Problem statement:
From top to bottom, retype the data exactly, passing over any picture.

Information provided:
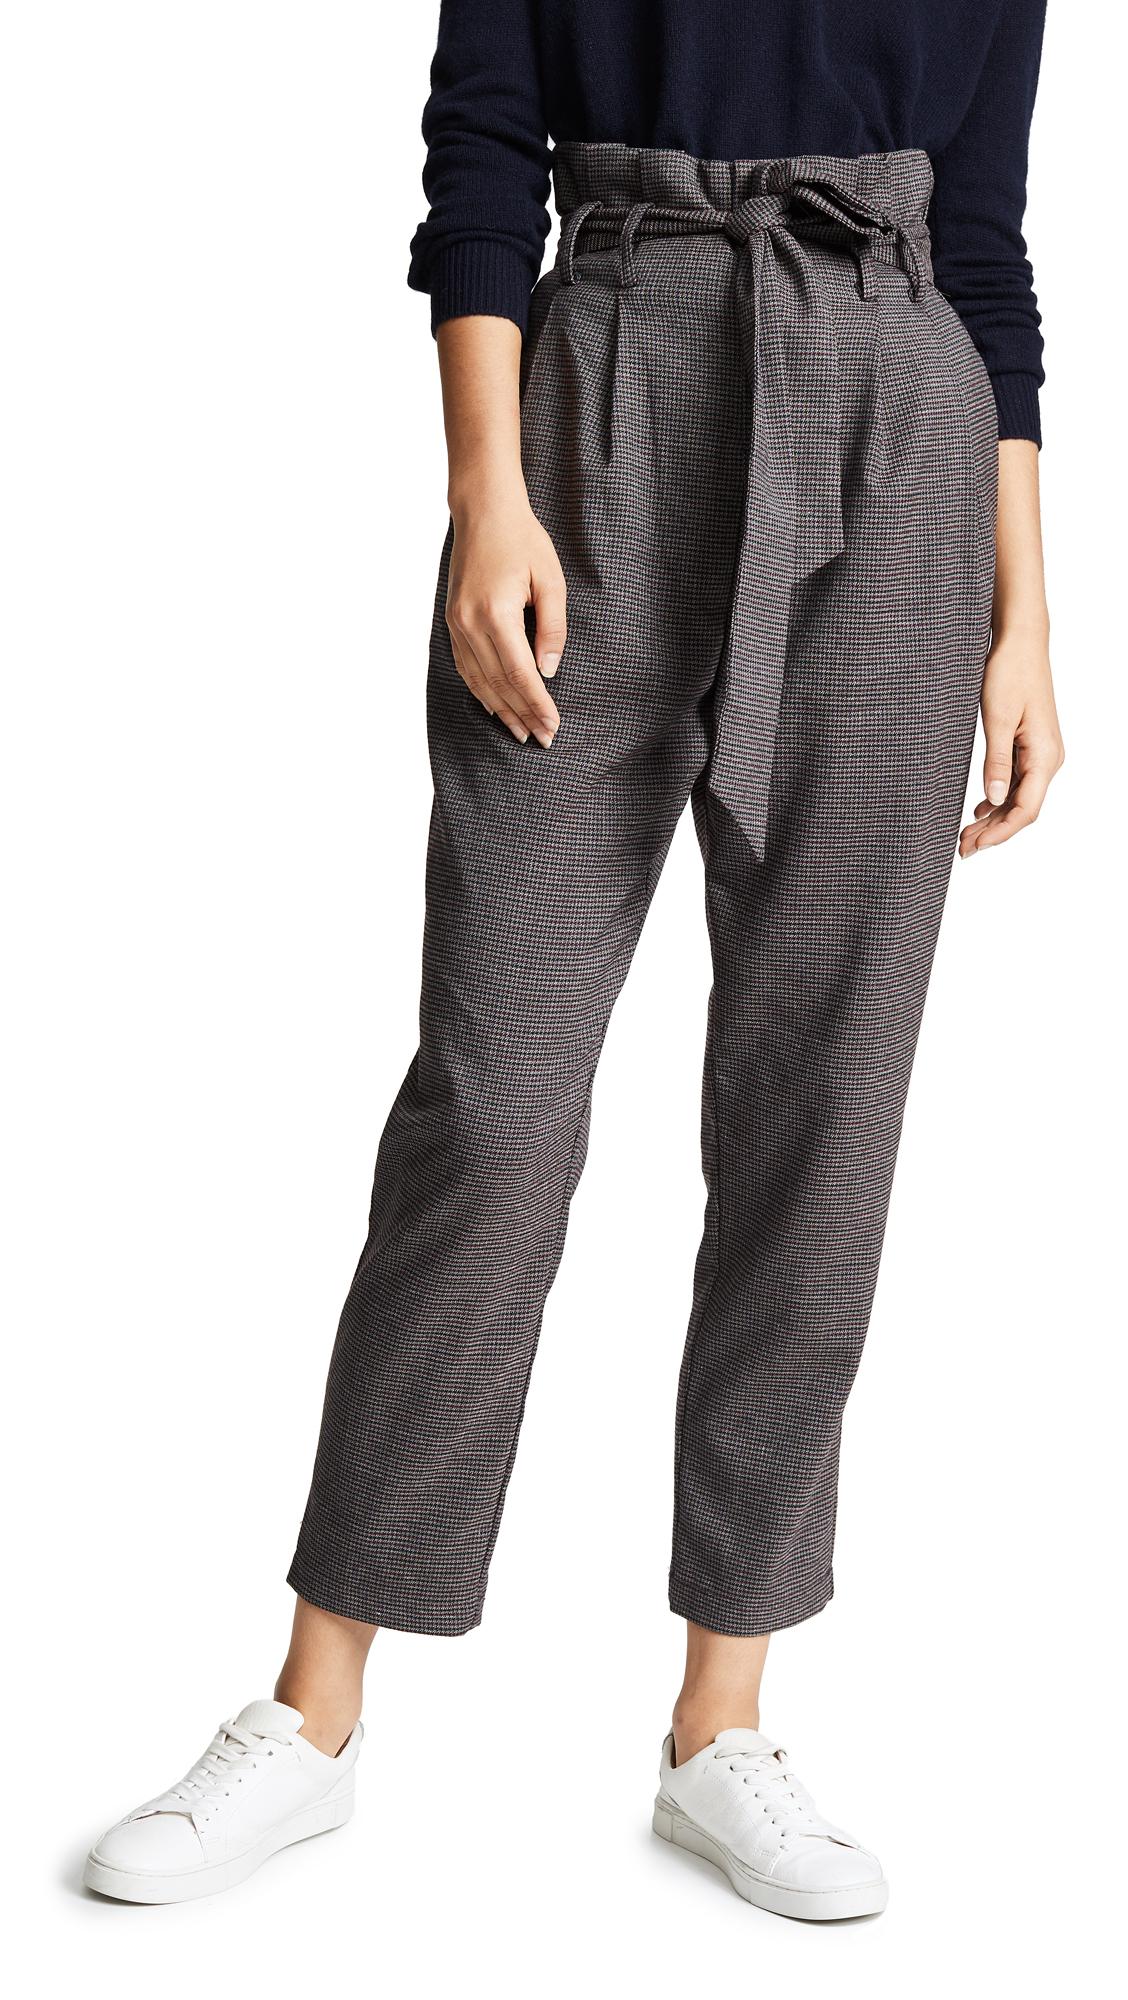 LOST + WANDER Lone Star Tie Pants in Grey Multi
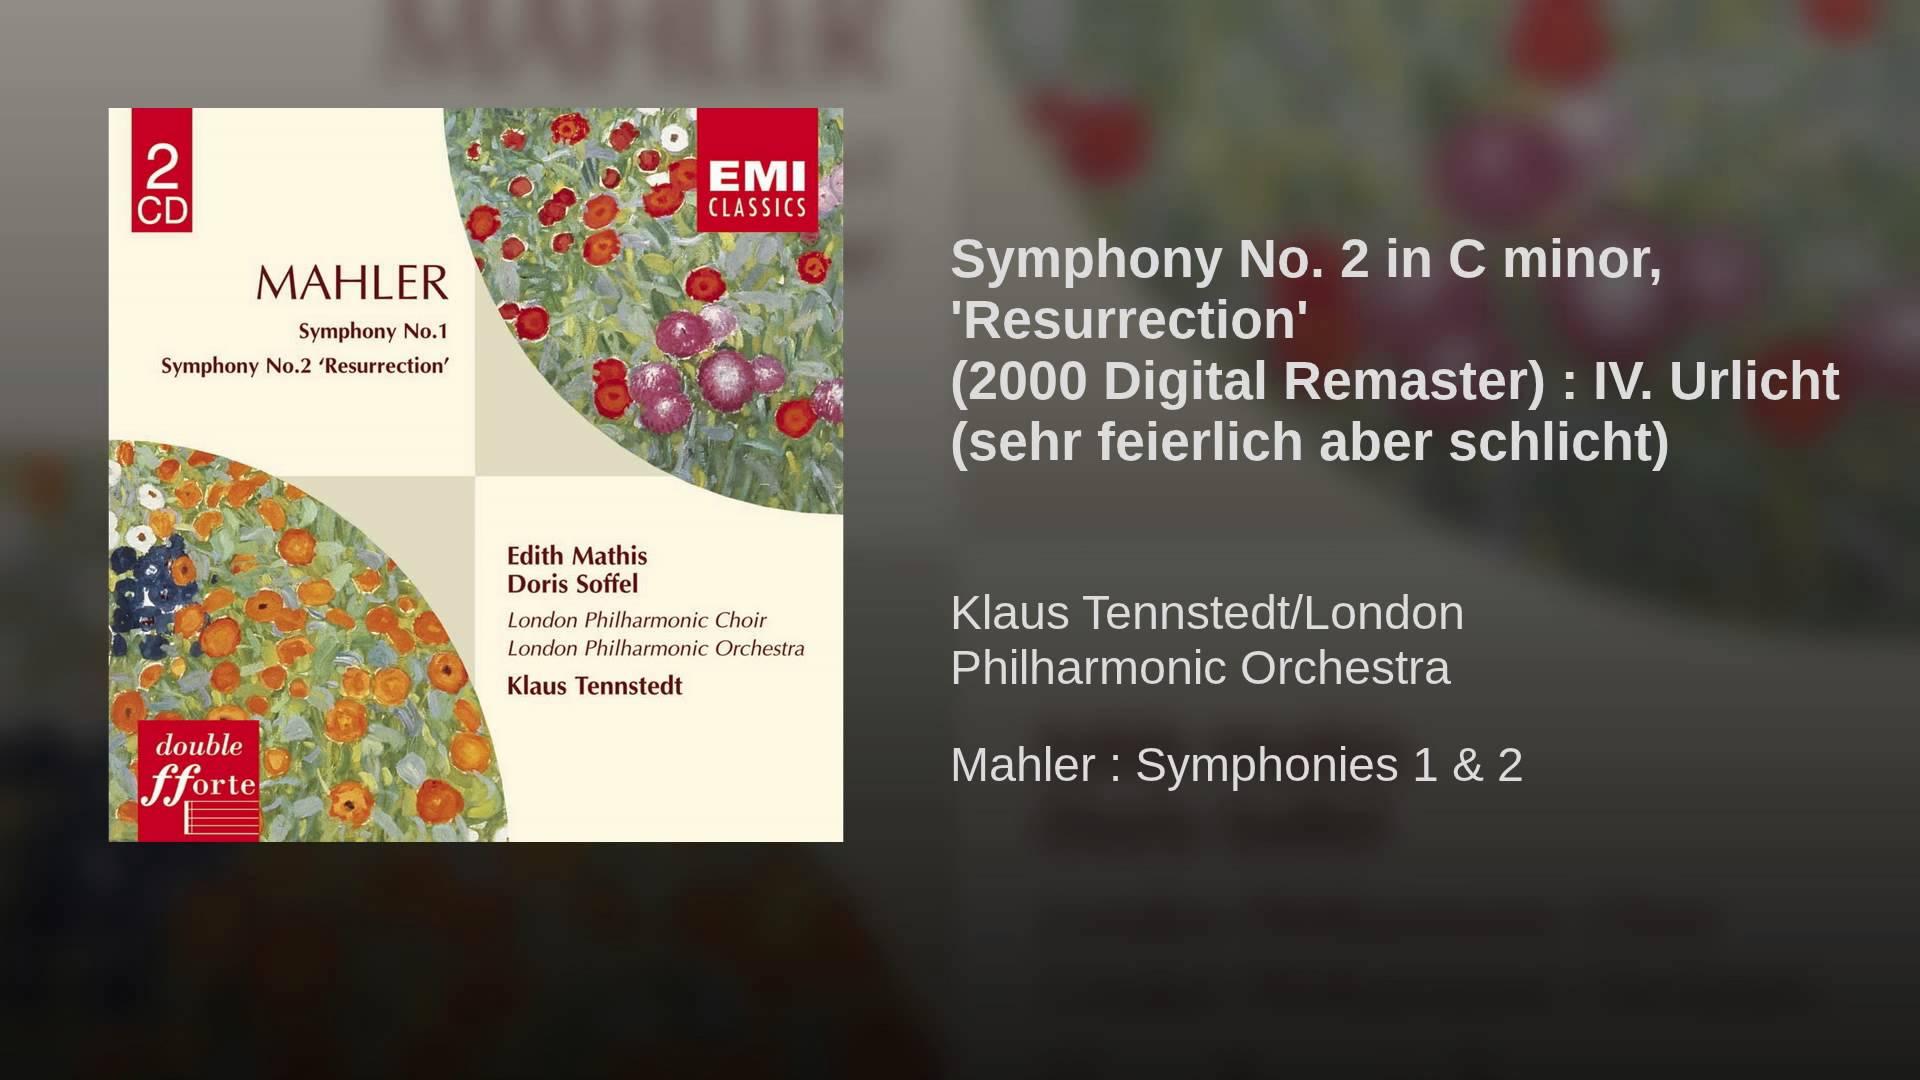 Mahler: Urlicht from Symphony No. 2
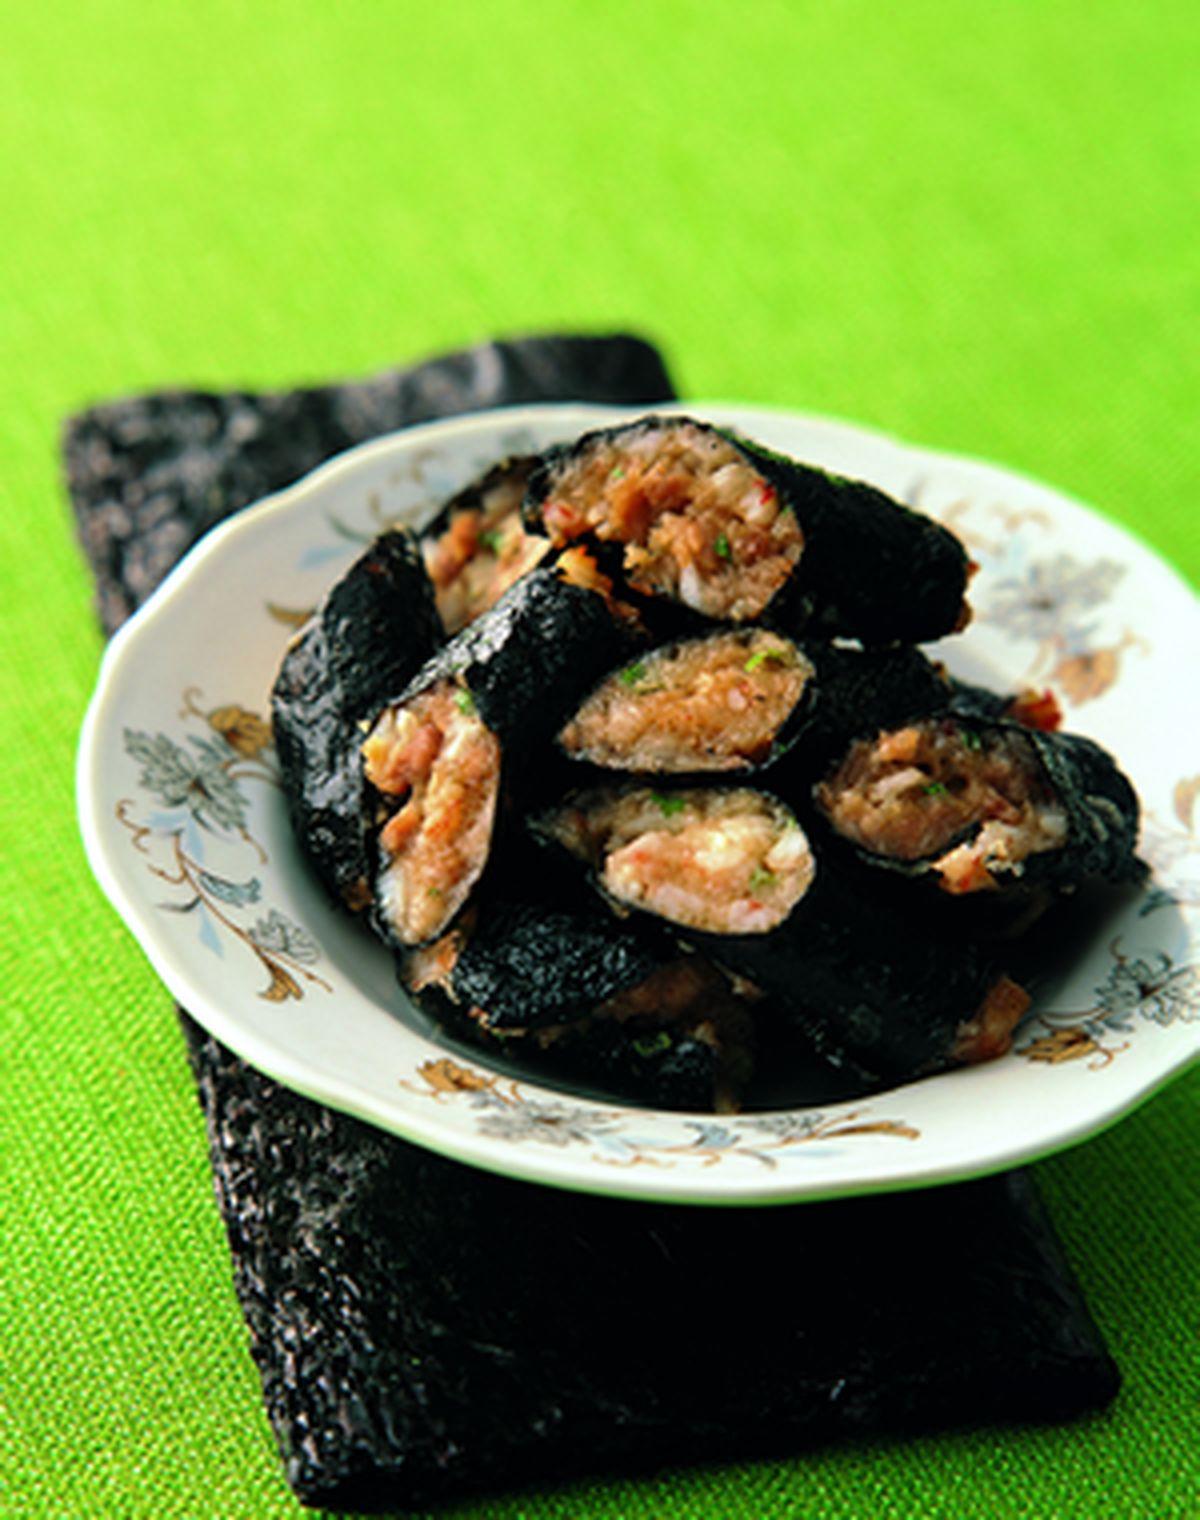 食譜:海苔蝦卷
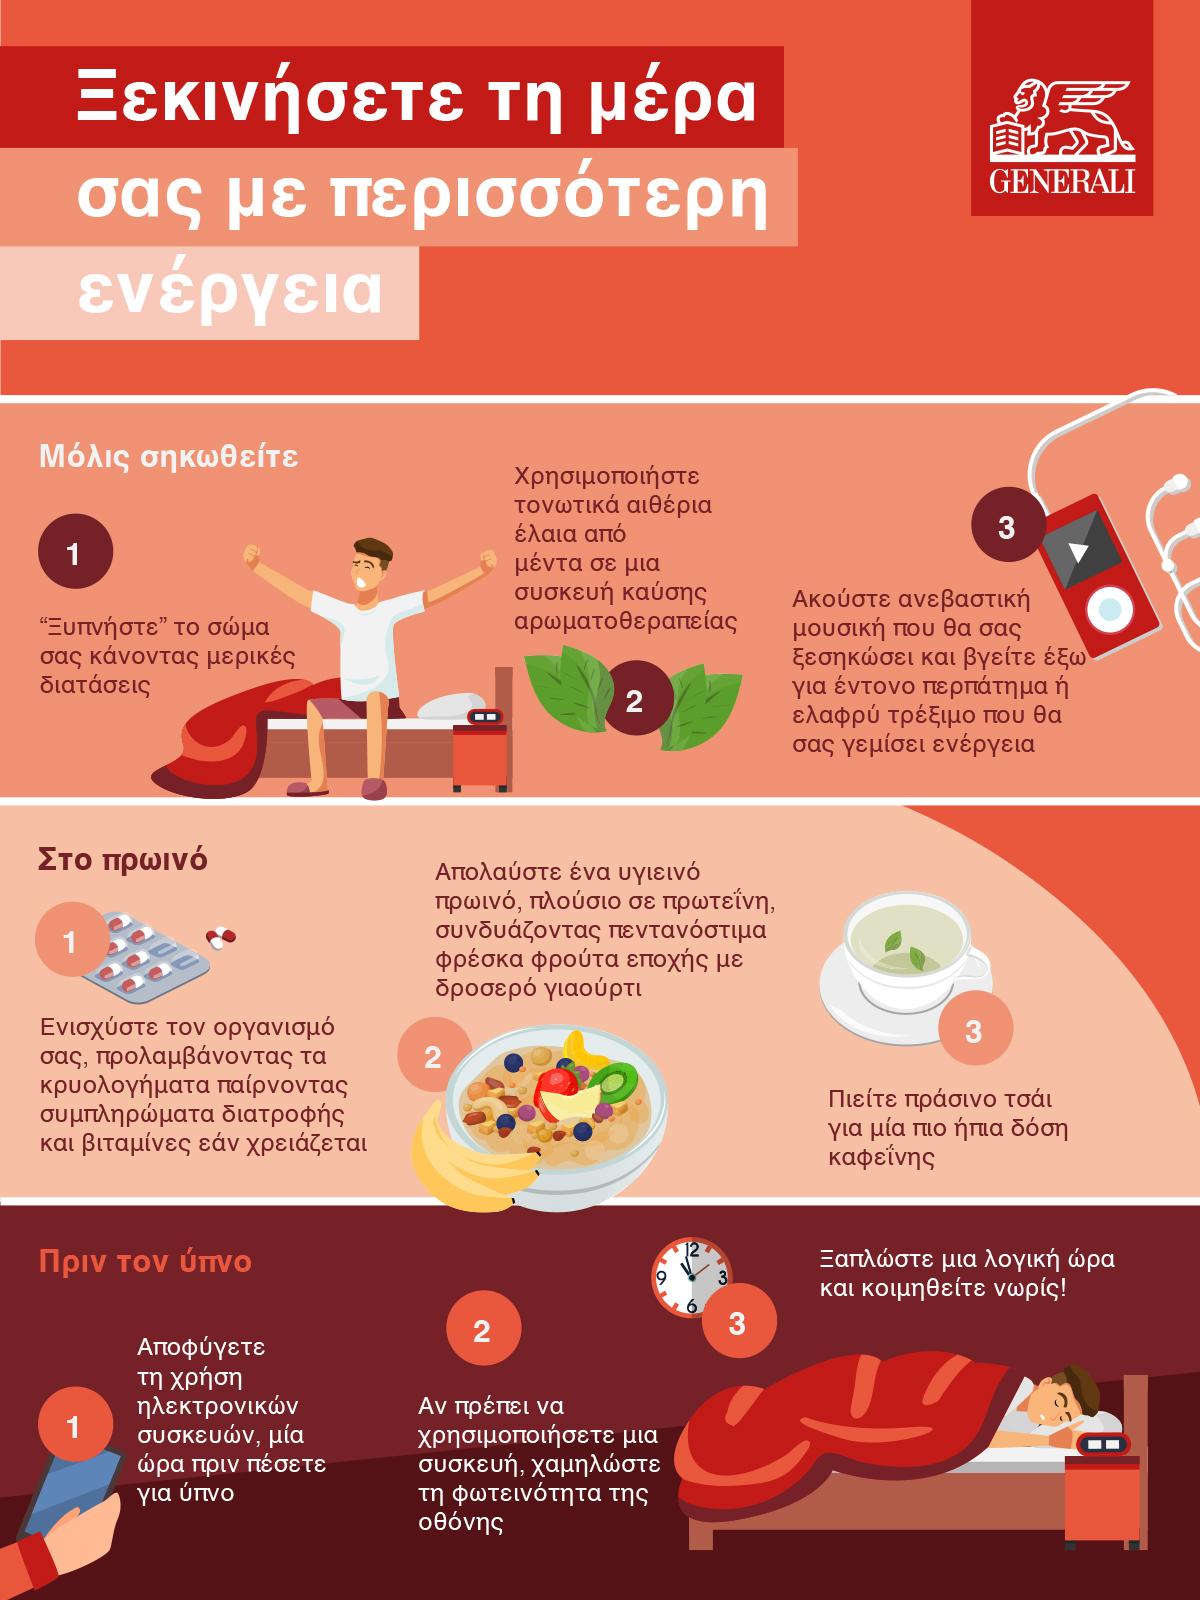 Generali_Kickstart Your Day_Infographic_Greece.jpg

Answer for this exercise:
 LOST + WANDER Lone Star Tie Pants in Grey Multi
 Mahler: Urlicht from Symphony No. 2
 食譜:海苔蝦卷
 Generali_Kickstart Your Day_Infographic_Greece.jpg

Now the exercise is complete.